PROBLEM: In the records below, find the line containing "Felix Karamian, video AMORE.jpg" and the line containing "Woolrich-FW-18-ADV-Campaign-6.jpg"; please repeat exactly the lines from one to the other, both included, and nothing more.

RECORDS SHOWN:
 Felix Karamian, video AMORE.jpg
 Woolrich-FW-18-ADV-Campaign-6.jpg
--
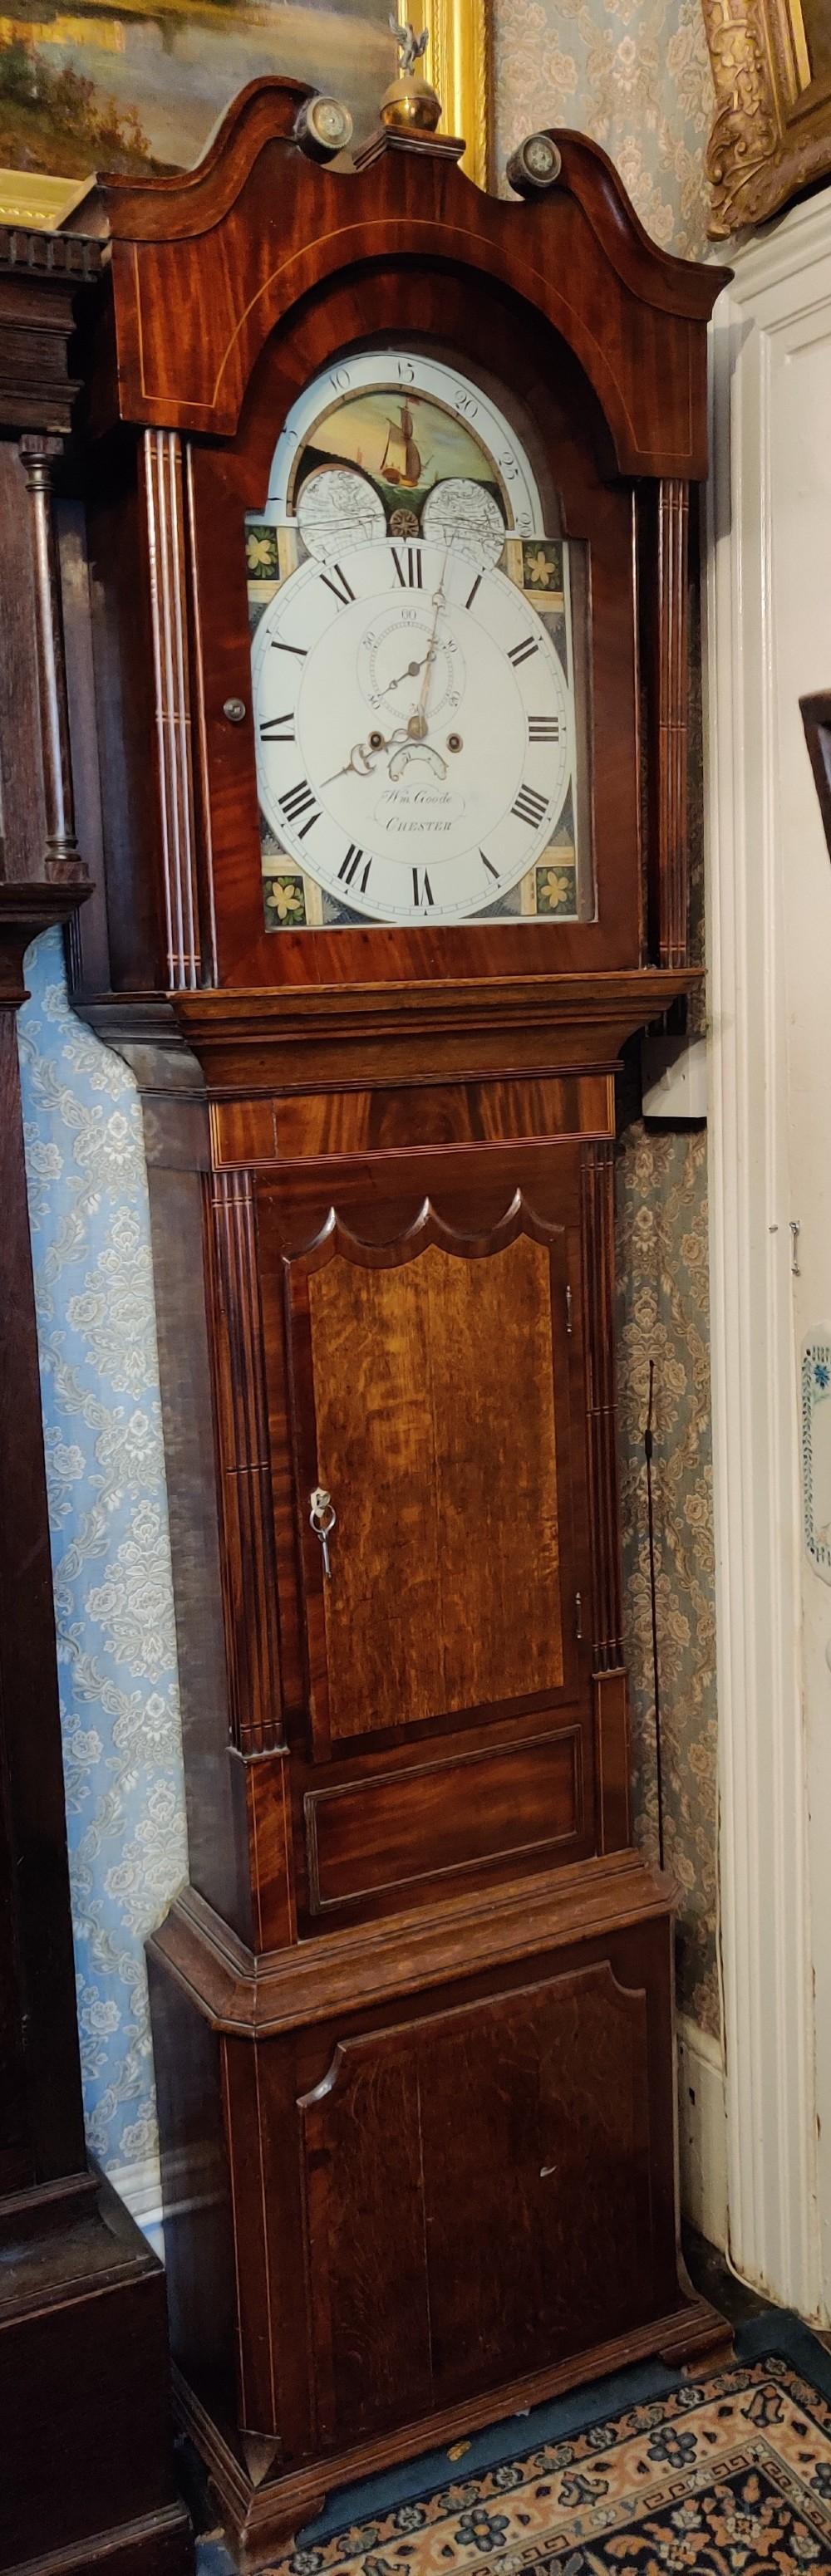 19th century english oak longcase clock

TASK SOLUTION:
 Felix Karamian, video AMORE.jpg
 Woolrich-FW-18-ADV-Campaign-6.jpg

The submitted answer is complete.